Why Sharing Cancer Big Data is Key to Personalized Medicine

Why Sharing Cancer Big Data is Key to Personalized Medicine

This week’s Cancer Moonshot Summit generated industry-wide excitement and plenty of good ideas about how to attack the multifaceted scourge of Cancer, which will affect up to forty percent of people at some point during their lives.

Stressing the urgency of making timely progress for the 1500 patients who receive a new cancer diagnosis every day, Vice President Joe Biden made an impassioned plea for the healthcare industry to work together, innovate together, and share their knowledge in pursuit of their common goals.

His words garnered a standing ovation from a room packed with healthcare stakeholders who have already invested millions of dollars and countless hours into doing just that – and preparing to do much more.

The precision medicine community has long since recognized that sharing big data, including clinical records, genomic sequencing data, community-level health indicators, and research results, will be critical to making progress against cancer, neurodegenerative diseases, inherited conditions, and expensive chronic diseases like diabetes.

In conjunction with the Summit, the White House announced nearly forty public and private personalized medicine initiatives that focus on breaking down data siloes, exchanging research, sharing computing power, and expanding data access to patients, researchers, caregivers, and clinicians.

Leaders from participants in the Precision Medicine Initiative and Cancer Moonshot also penned a series of blog posts explaining the critical importance of creating an open, accessible big data environment for personalized medicine researchers at academic institutions, provider facilities, and other partner organizations.

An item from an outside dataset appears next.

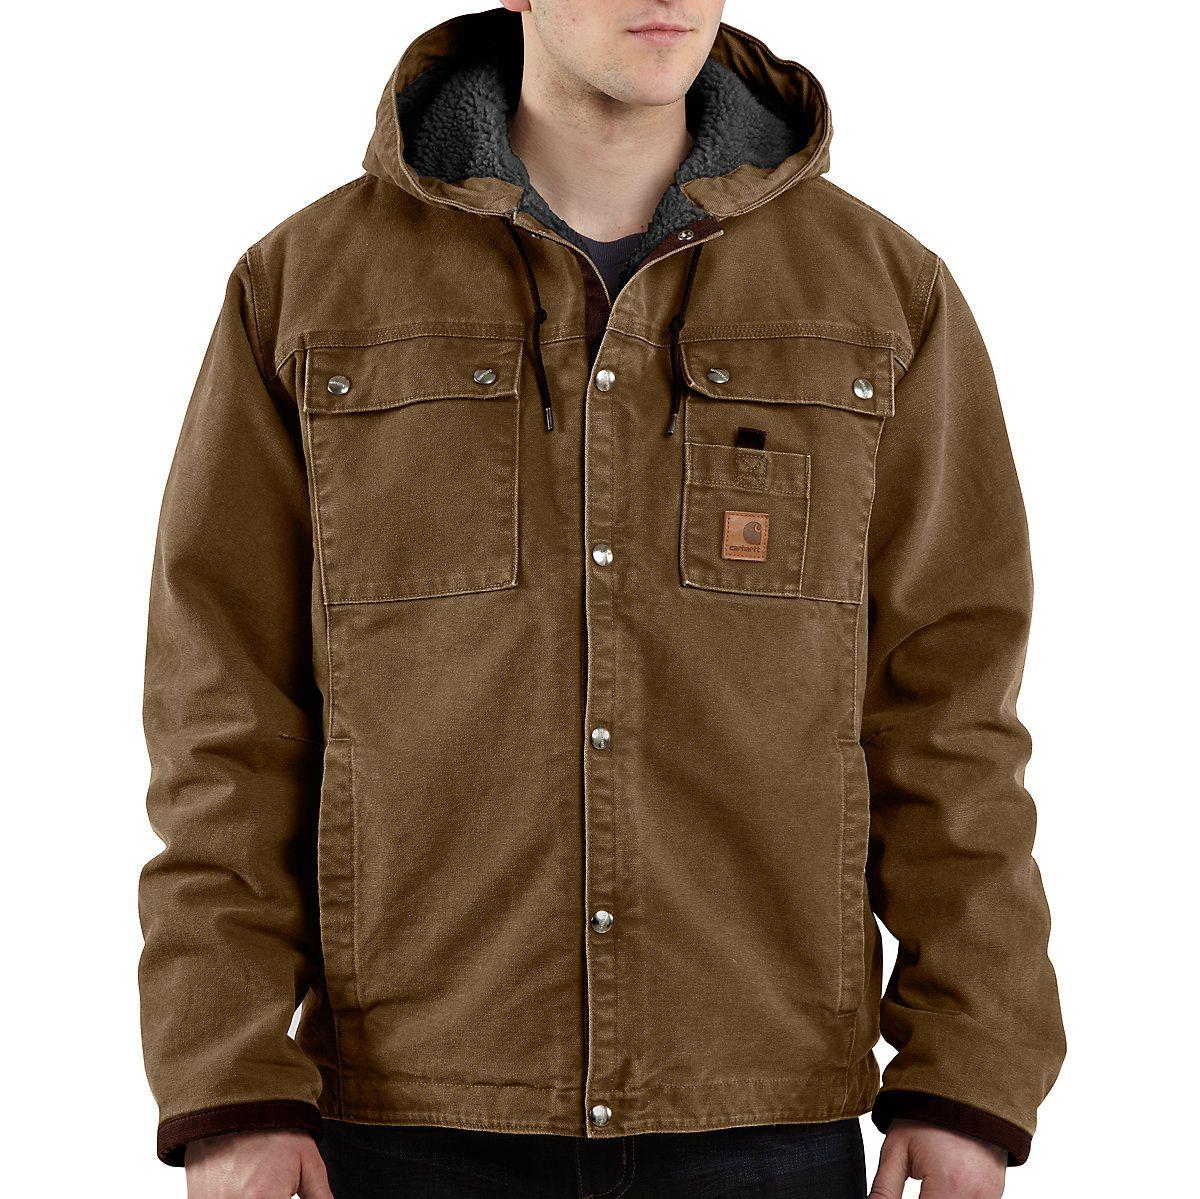 Sandstone Hooded Multi Pocket Jacket Sherpa Lined Carhartt Jacket Outdoor Outfit Jackets For Big Men [ 1199 x 1200 Pixel ]

“Why is data sharing important? Because cancer is complex,” said Kenneth C. Anderson, MD, President-elect of the American Society of Hematology (ASH).  Anderson specializes in multiple myeloma, a blood cancer with treatment options that hinge on the genetic variances of each and every patient.

“We’re learning so much about cancer, and applying these insights to drug development has been incredibly fruitful,” he continued. “Now we have treatments that are specifically targeted to patients’ genetic mutations. Not only are these treatments more effective — because they correct a specific mutation — they also minimize harmful side effects that we see with traditional total-body anticancer medicines.”

However, the continued development of these treatments cannot be sustained without a commitment to data sharing, he added.  “That’s why I’m working with ASH to lead a data sharing project that starts with multiple myeloma, but that we hope will serve as an example of what can be done with all types of cancers.”

ASH is bringing together experts from the Multiple Myeloma Research Foundation, the Mayo Clinic, the Dana Farber Cancer Institute, and the University of Arkansas Myeloma Institutes, as well as international participants from several European nations, to architect a data sharing platform that will allow researchers to work within a scalable, collaborative environment to interpret and experiment with big data.

Similar efforts, targeted to specific diseases or research arenas, are springing up across the industry as public and private organizations seek the technical tools to serve as a springboard for creating widely adopted best practices.

The Patient-Centered Outcomes Research Institute (PCORI) has shown a steady commitment to facilitating this work through its PCORnet initiative, a network of thirty-three designated research bastions at clinical and academic centers across the nation.

“To support the Cancer Moonshot, PCORnet commits to enhancing its capacity to conduct large-scale research on cancer more rapidly and more efficiently, expanding the scope and improving the quality of the networks’ clinical data related to cancer care,” stated Dr.